- _DATA TO EXAMINE_:

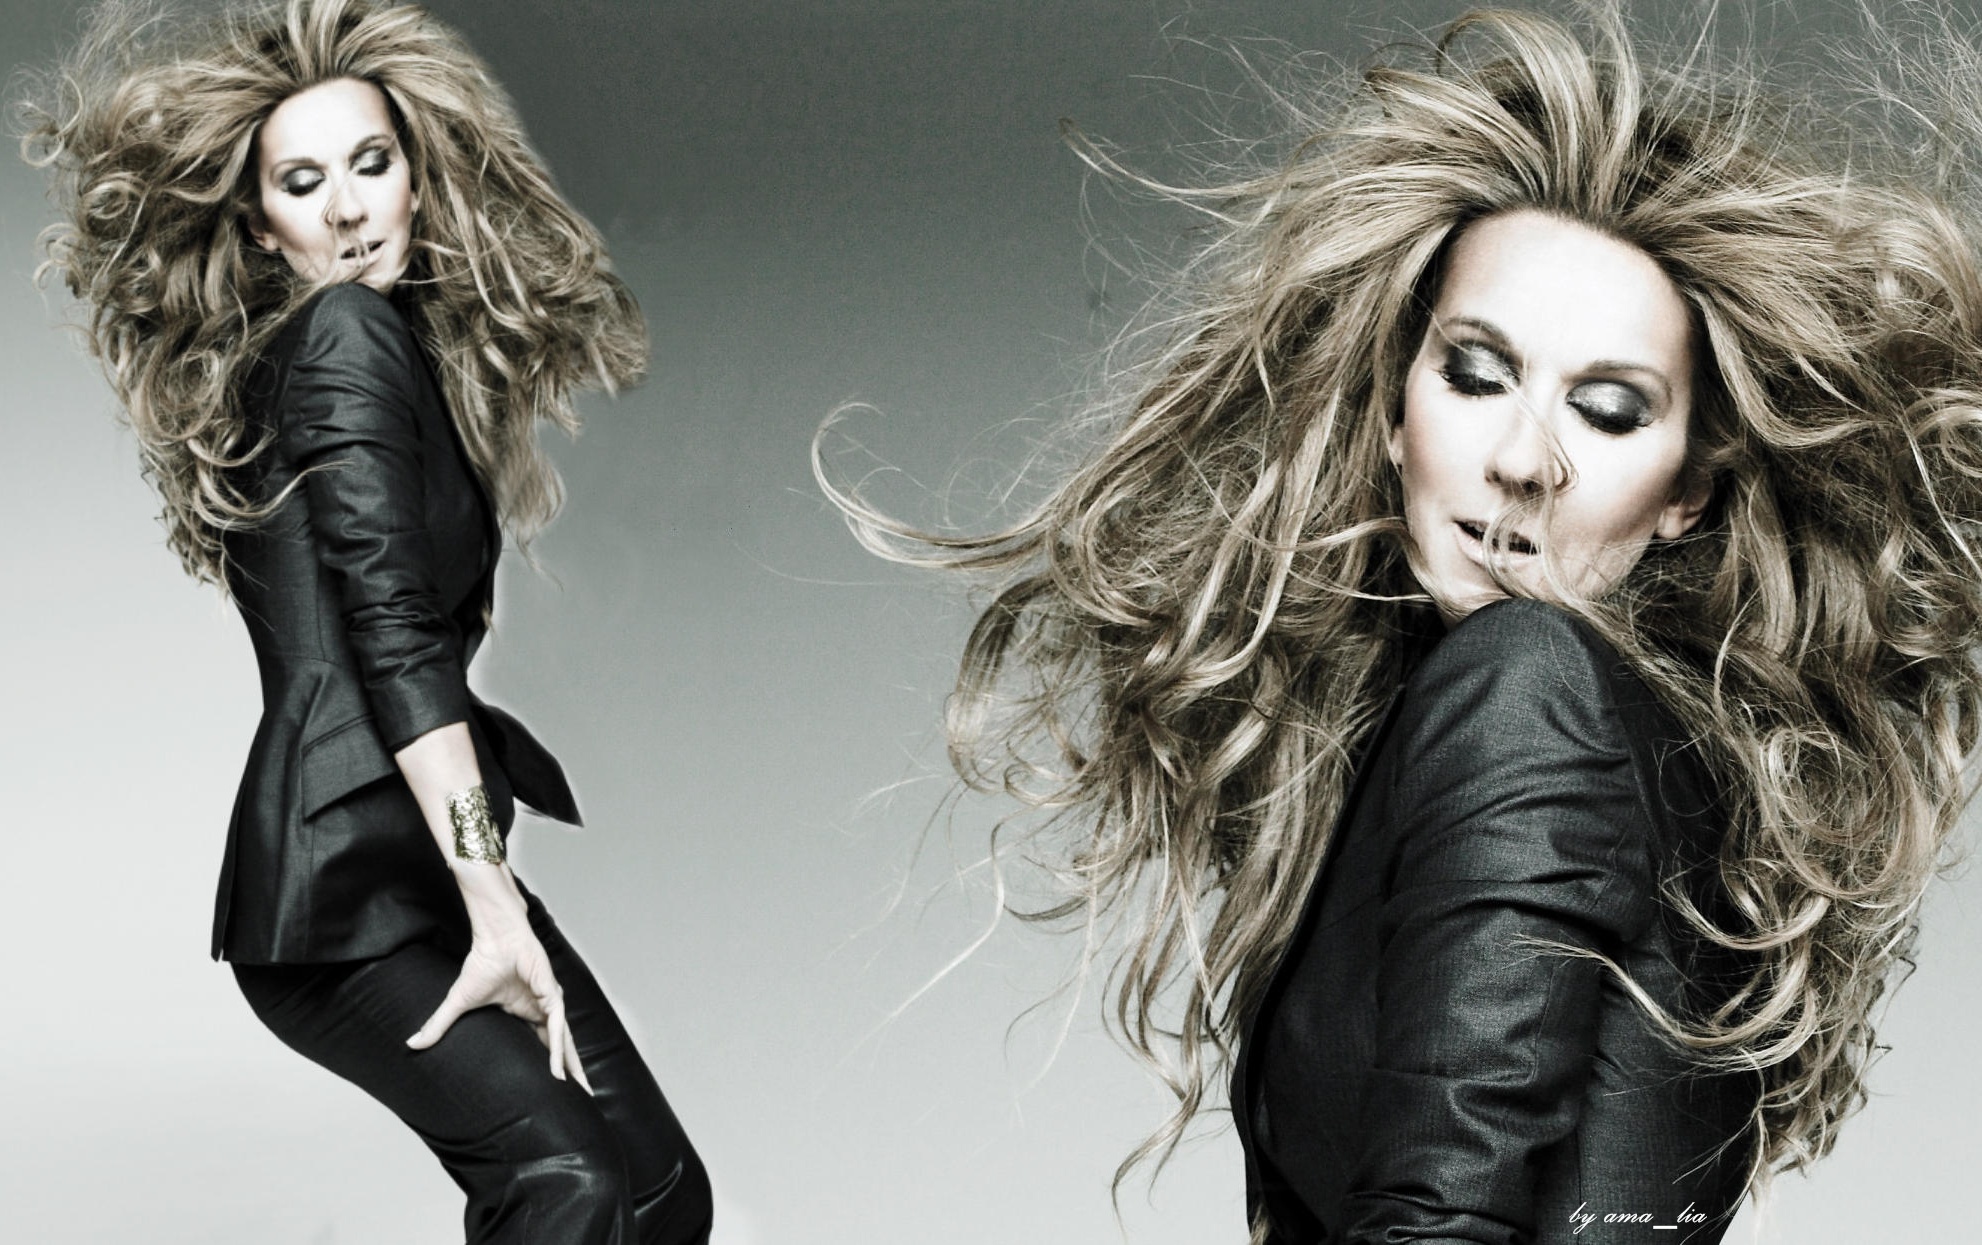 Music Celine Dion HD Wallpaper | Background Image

---

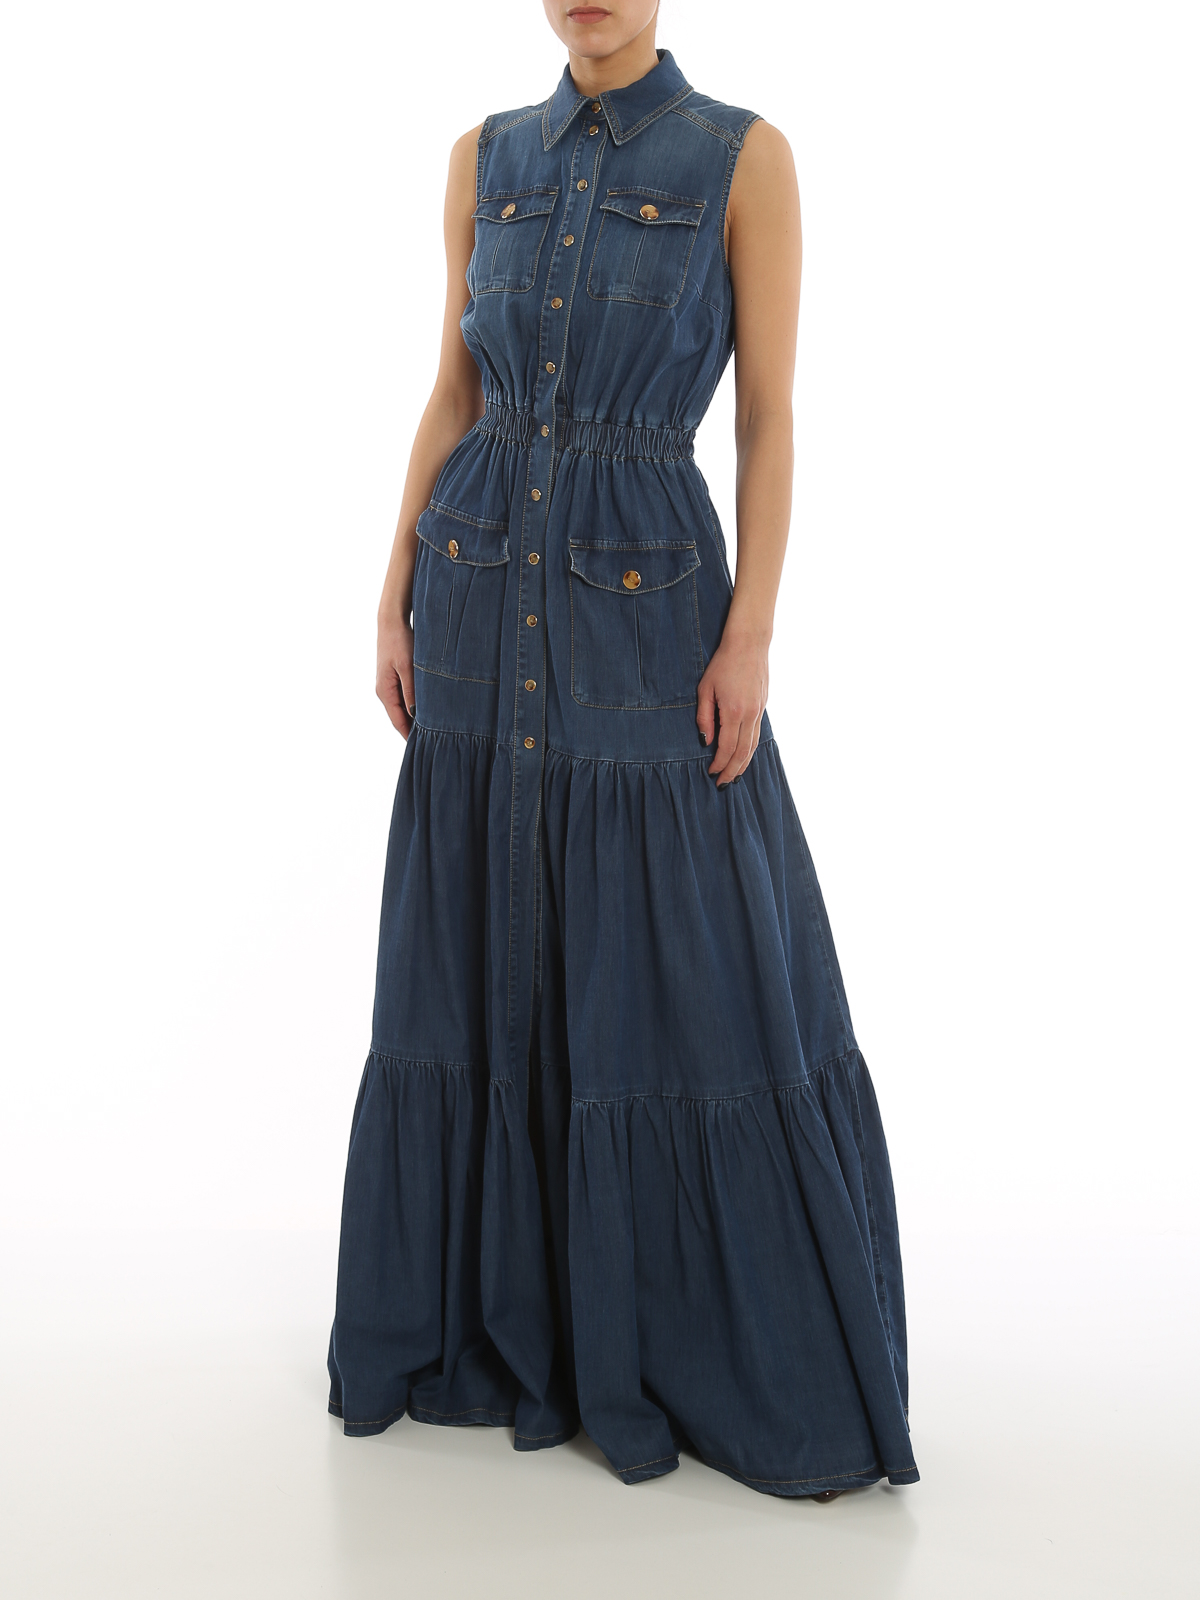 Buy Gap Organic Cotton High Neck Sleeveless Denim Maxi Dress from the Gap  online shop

---

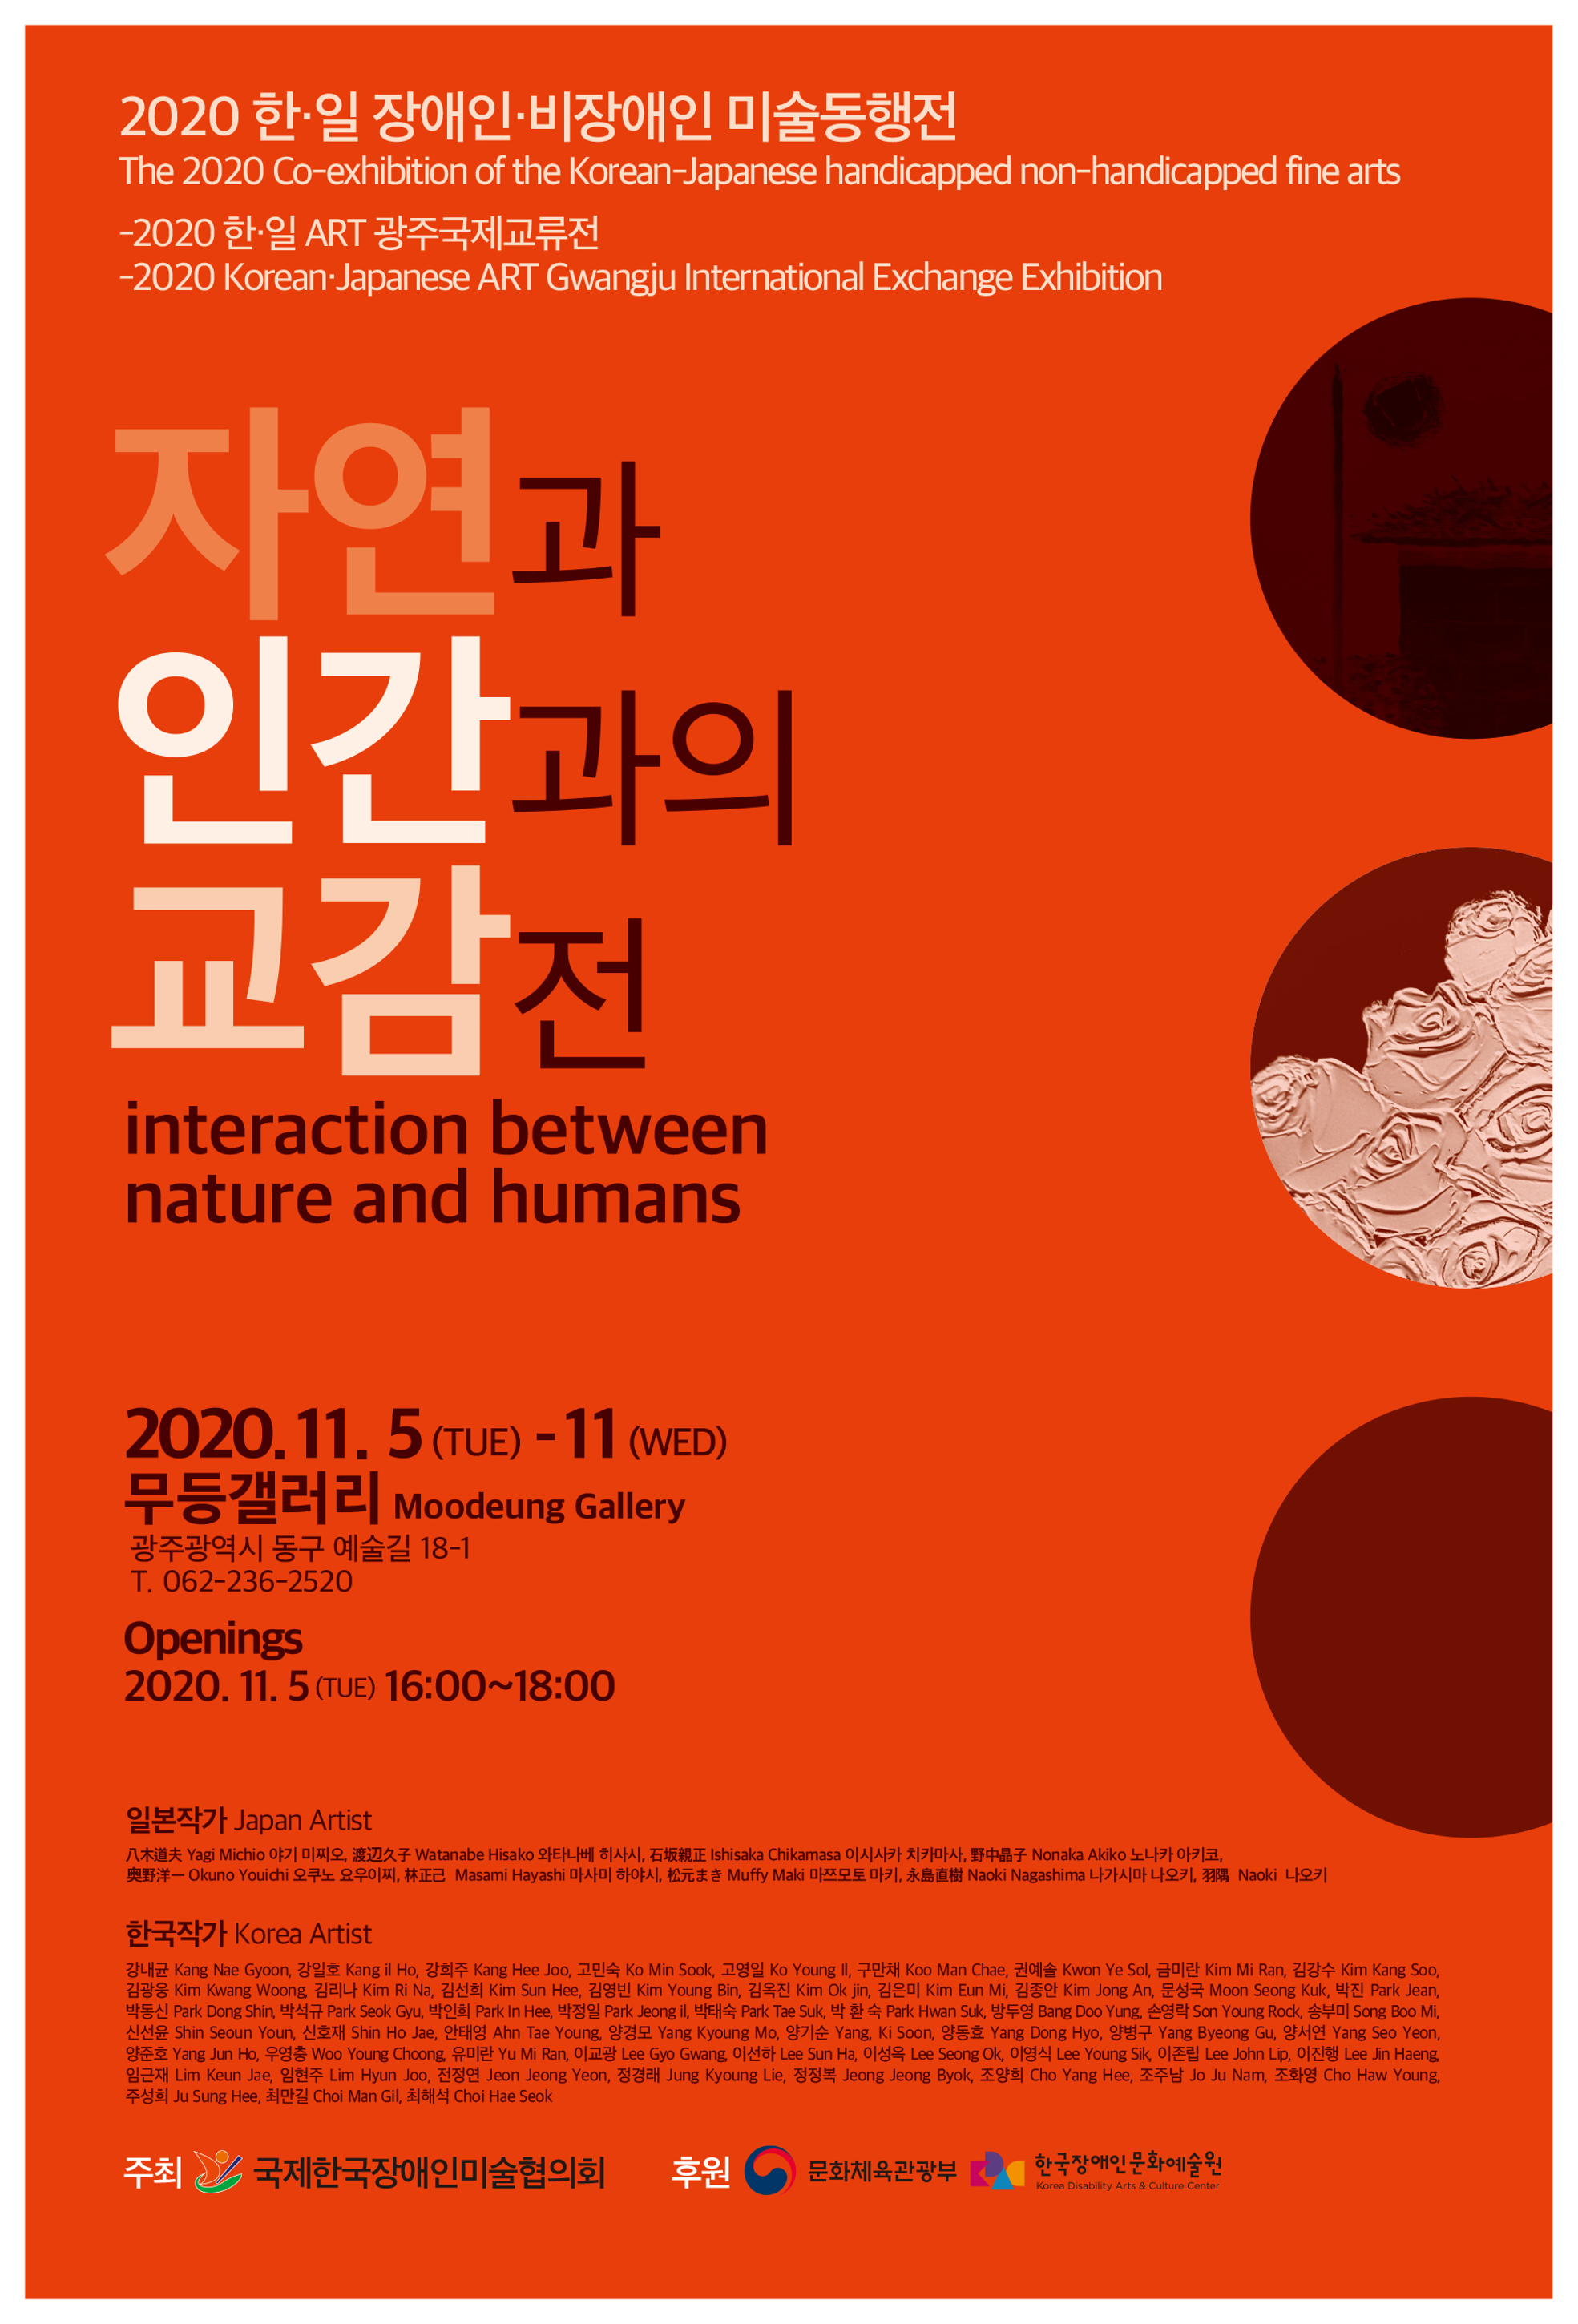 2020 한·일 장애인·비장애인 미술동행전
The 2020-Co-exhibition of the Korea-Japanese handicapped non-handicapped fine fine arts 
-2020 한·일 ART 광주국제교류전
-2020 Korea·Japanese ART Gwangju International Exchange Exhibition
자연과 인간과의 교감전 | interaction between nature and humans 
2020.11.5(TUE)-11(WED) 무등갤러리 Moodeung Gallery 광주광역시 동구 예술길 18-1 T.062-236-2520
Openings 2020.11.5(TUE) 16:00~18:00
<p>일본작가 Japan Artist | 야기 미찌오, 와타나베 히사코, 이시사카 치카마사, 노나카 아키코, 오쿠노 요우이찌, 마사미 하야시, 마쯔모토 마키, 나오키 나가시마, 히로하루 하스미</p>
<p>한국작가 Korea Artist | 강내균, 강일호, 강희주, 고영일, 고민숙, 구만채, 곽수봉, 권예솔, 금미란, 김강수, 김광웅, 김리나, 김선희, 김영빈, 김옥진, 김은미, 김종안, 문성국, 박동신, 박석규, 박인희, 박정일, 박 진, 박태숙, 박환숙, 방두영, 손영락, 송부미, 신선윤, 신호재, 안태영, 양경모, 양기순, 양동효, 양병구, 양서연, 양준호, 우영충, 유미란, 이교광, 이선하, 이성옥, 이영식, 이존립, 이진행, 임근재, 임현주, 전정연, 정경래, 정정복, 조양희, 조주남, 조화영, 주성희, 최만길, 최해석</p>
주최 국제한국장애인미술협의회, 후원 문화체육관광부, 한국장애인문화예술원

- _AIM OF THE EXERCISE_:
The lines to extract from the data above begin with the line containing "-2020 한·일 ART 광주국제교류전" and end with the line containing "주최 국제한국장애인미술협의회, 후원 문화체육관광부, 한국장애인문화예술원". Extract them exactly, including both.

- _SOLUTION FOR THIS EXERCISE_:
-2020 한·일 ART 광주국제교류전
-2020 Korea·Japanese ART Gwangju International Exchange Exhibition
자연과 인간과의 교감전 | interaction between nature and humans 
2020.11.5(TUE)-11(WED) 무등갤러리 Moodeung Gallery 광주광역시 동구 예술길 18-1 T.062-236-2520
Openings 2020.11.5(TUE) 16:00~18:00
<p>일본작가 Japan Artist | 야기 미찌오, 와타나베 히사코, 이시사카 치카마사, 노나카 아키코, 오쿠노 요우이찌, 마사미 하야시, 마쯔모토 마키, 나오키 나가시마, 히로하루 하스미</p>
<p>한국작가 Korea Artist | 강내균, 강일호, 강희주, 고영일, 고민숙, 구만채, 곽수봉, 권예솔, 금미란, 김강수, 김광웅, 김리나, 김선희, 김영빈, 김옥진, 김은미, 김종안, 문성국, 박동신, 박석규, 박인희, 박정일, 박 진, 박태숙, 박환숙, 방두영, 손영락, 송부미, 신선윤, 신호재, 안태영, 양경모, 양기순, 양동효, 양병구, 양서연, 양준호, 우영충, 유미란, 이교광, 이선하, 이성옥, 이영식, 이존립, 이진행, 임근재, 임현주, 전정연, 정경래, 정정복, 조양희, 조주남, 조화영, 주성희, 최만길, 최해석</p>
주최 국제한국장애인미술협의회, 후원 문화체육관광부, 한국장애인문화예술원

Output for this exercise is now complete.